J's Indie/Rock Mayhem

Playlists, podcasts and music from WQFS Greensboro's J's Indie/Rock Mayhem

Thursday, October 25, 2007

Notes From Underground - #21
A Halloween Ode

I talk a lot about the formative experiences I've had in music. Like anything you become immersed in, there are key events that get you there. Sometimes, like a band whose style has become the status-quo long after they broke ground, it's far too nebulous to really discern where the influence begins and ends; but you never forget your inroads. You never forget your portals, the things that opened doors and made things possible. You never forget your teachers.

It's nearly Halloween again and for me that means one thing: Ms. Bracey, my elementary school music teacher. Aside from my family itself, Ms. Bracey was my first introduction to music, and the specific things I learned in that class are generally gone from my memory. Not because they have disappeared, but because they have been absorbed into my larger understanding of music and how it works. How and when I learned those small bits of information is no longer important enough to recall. However, I can remember one thing very clearly.

Every Halloween Ms. Bracey would teach us about a French composer named Charles Camille Saint-Saëns. She would give us details from his life, talk to us about his music, and then we would listen to one specific piece: "Danse Macabre." (click here to listen*)

"Danse Macabre" is essentially a musical story about the dead, in spirit form, rising from their graves on Halloween night, allowed for one eve to cross back from the void and into the living world. They run, they scamper, they hide, they even view and pine for their loved ones and family. All of this is contained within the movements and instruments of the piece.

So what exactly did Ms. Bracey teach me in sharing this with us every Halloween?

She taught me that a great story can be told without words.

She taught me that I don't need my mouth to speak another language and speak volumes when I do.

She taught me that my imagination held keys to visualizing worlds and universes more vast than my own day-to-day world. She taught me to close my eyes and see with my mind. She taught me that my vision is mine alone - that every one of us sitting in that classroom, while hearing the same music, would see something entirely different and unique and beautiful from one another.

She taught me that my 'unique vision' united me, not divided me, with everyone else in the room. While we all would see our own version of the story, our shared experience of the way in which it was told could bring us together. Ask anyone around my age who went to Winecoff Elementary School and see if they can share this same story with you.

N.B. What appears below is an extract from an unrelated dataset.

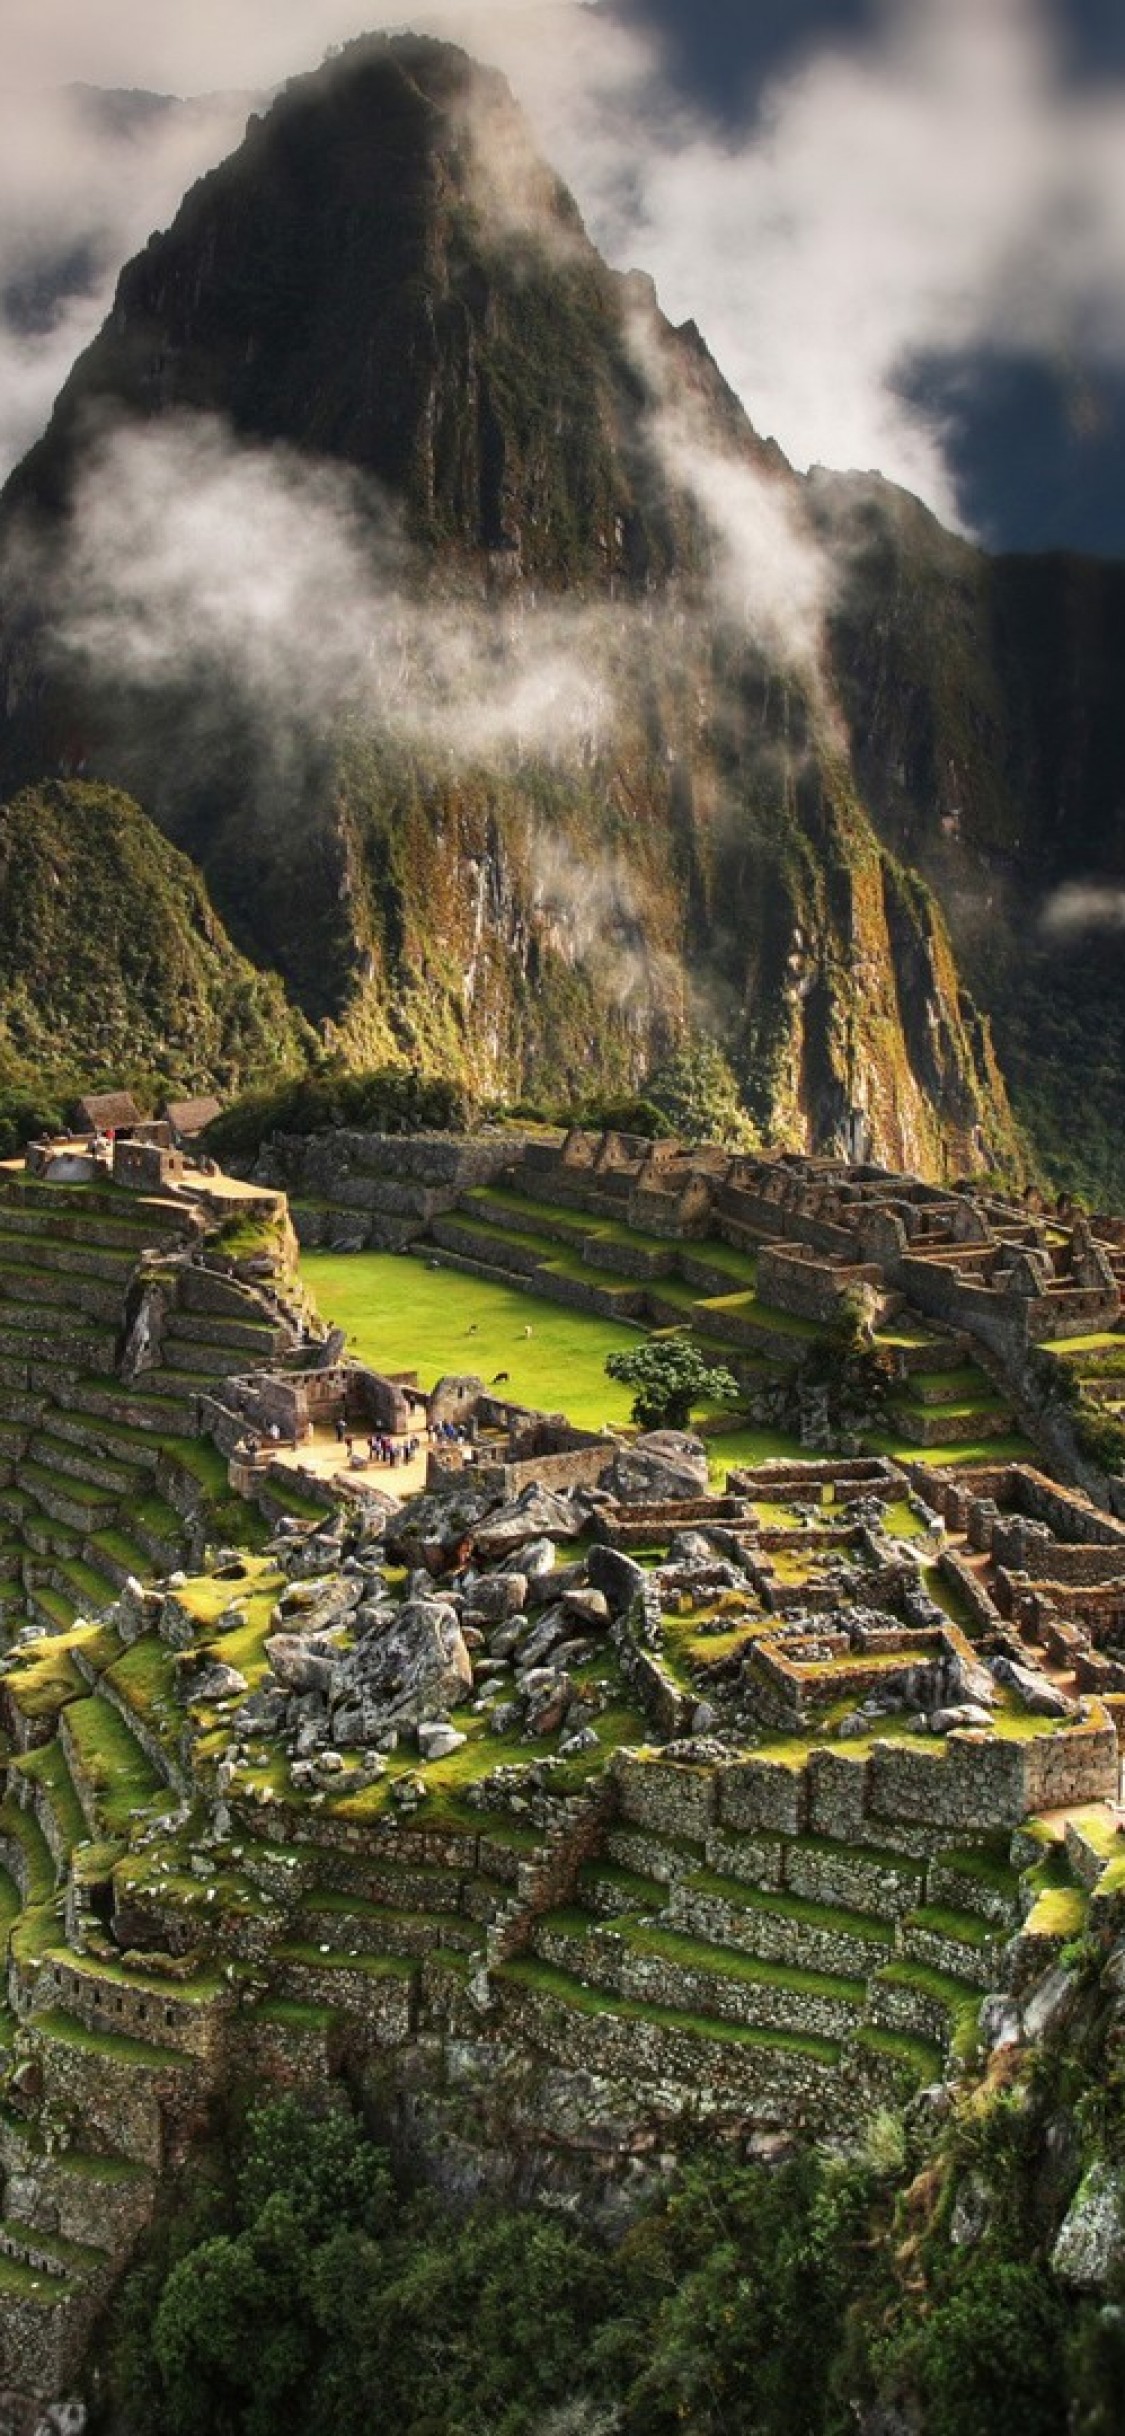 Iphone X Peru Wallpaper - Machu Picchu - 1125x2436 Wallpaper

She taught me that there is more to art than just sound and fury. By looking into the music, I could see a visual world. Consequently, now, when I read books, watch plays or even witness events in the real world, there is a soundtrack that infiltrates every bit of it. Once you can see into music, music sees back into you and, thankfully, it never stops.

She taught me, more than any education class I ever took, that learning is about scaffolding - about building a bridge of information and ideas. Now, whenever I hear "Danse Macabre," I recognize it instantly and make connections to more and more things. When I explored Saint-Saens' oeuvre in more detail, I found other pieces that I could connect, and in reaching out to grab them, I brought more back. (Discovering that Saint-Saëns was the composer of "Aquarium" (click to listen^) was just as revelatory.)

She taught me more in those brief periods, though it would take me years to truly understand what was happening, than I have learned in entire classes. In some cases, the whole foundation of why a topic interested me would lay somewhere back in the cognitive hollows of those elementary music classes.

This year my radio show falls, for the first time, on Halloween. I'm excited for so many reasons, but the largest of these is simply that in my mind there is no better night of the year to share the gift of music. Because of Halloween my musical imagination came to life in the gifted, teaching hands of Ms. Bracey, and I only hope that I am able to pass on even a fraction of that favor.

Shall we danse?

* - "Danse Macabre" is performed by the Royal Concertgebouw Orchestra under the conduction of Bernard Haitink. Herman Krebbers is the violin soloist.

^ - "Aquarium" is performed by the Pittsburgh Symphony Orchestra under the conduction of André Previn.

Both performances are available on the Philips Classics release The Best of Saint-Saëns.